The Rio Grande Compact does not affect or limit the rights of tribes, but the six Middle Rio Grande pueblos’ actual uses of water have been accounted as part of the Middle Rio Grande’s share of the river. Subject to meeting the Pueblos’ water rights, adhering to the Compact requirements must become the State’s highest water management priority. While tightening our belt might be uncomfortable, the State’s irresponsible failure to do so will be truly painful.
The Legislature should direct the Administration to pull us all back from the brink and create an ongoing buffer, well-away from the 200,000-acre-foot limit and the consequences that violating that limit would bring.

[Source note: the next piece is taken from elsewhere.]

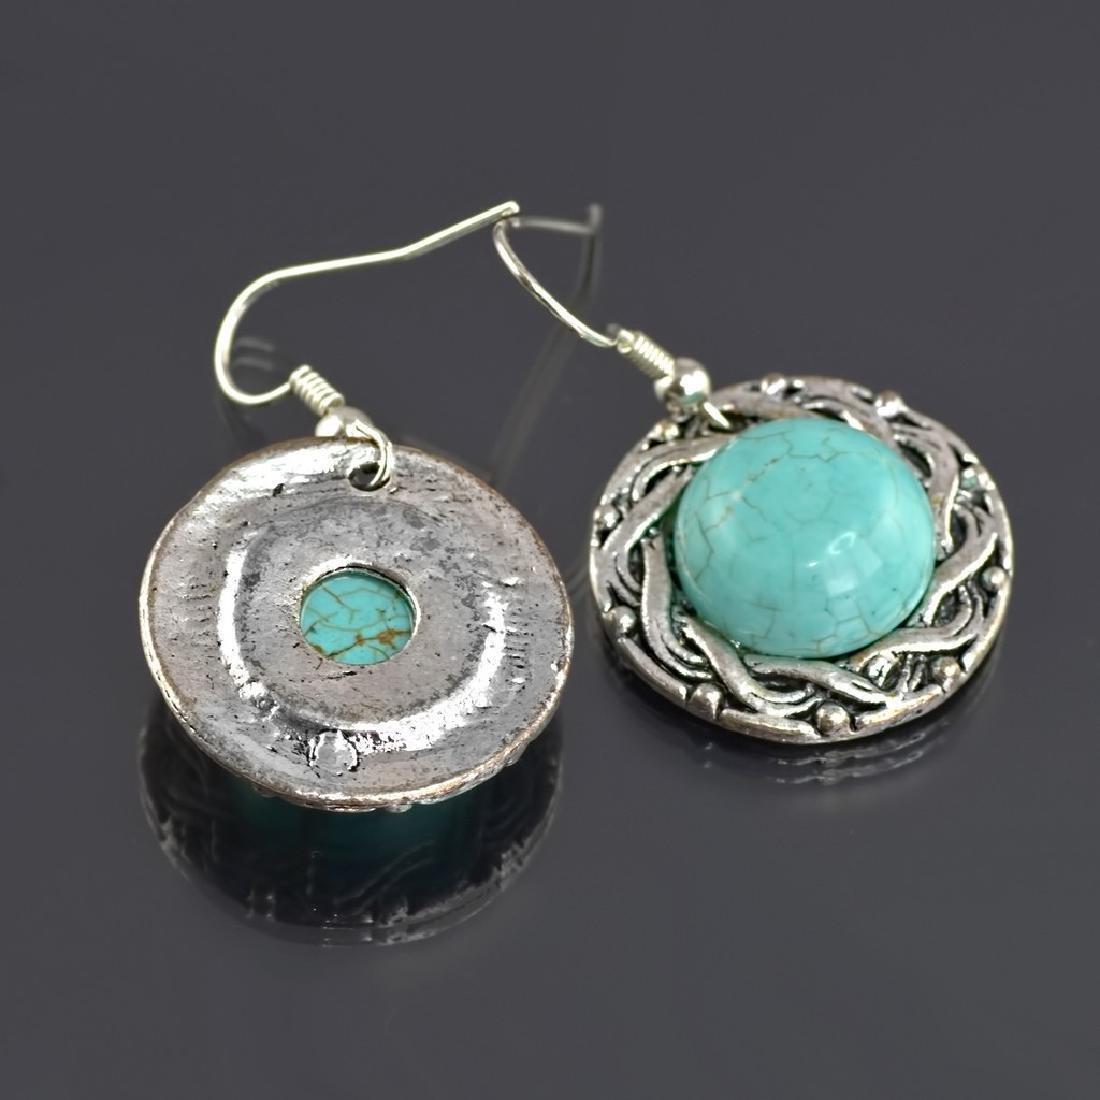 Ethnic Style Turquoise Howlite Earrings - 4

Relatively simple legislation should demand that the State Engineer establish the needed cushion to keep us away from the 200,000 acre-feet violation. For example:
The State of New Mexico declares that its first priority in allowing use of water in the Middle Rio Grande, other than the water to which the Middle Rio Grande pueblos are entitled, shall be to ensure that the State does not violate the Rio Grande Compact’s delivery requirements.
Whenever year-end accounting has shown New Mexico to have incurred a cumulative Rio Grande Compact debit that makes a violation of the Rio Grande Compact possible in the following year, the State Engineer shall take steps to reduce non-Native American water uses in the Middle Rio Grande region to ensure no shortfall in annual compliance with delivery obligations.
The State Engineer shall report quarterly to the Legislature on steps undertaken, their effect to date, the State Engineer’s current year compliance forecast, and any additional steps planned to ensure the cumulative debit does not violate the 200,000 acre-foot Rio Grande Compact debit limit.
New Mexico taxpayers cannot afford to continue risking the chaos, uncertainty, and cost of more U.S. Supreme Court litigation brought by NM’s failure to meet its unambiguous requirements to deliver water downstream. Let’s meet our obligations by taking action now!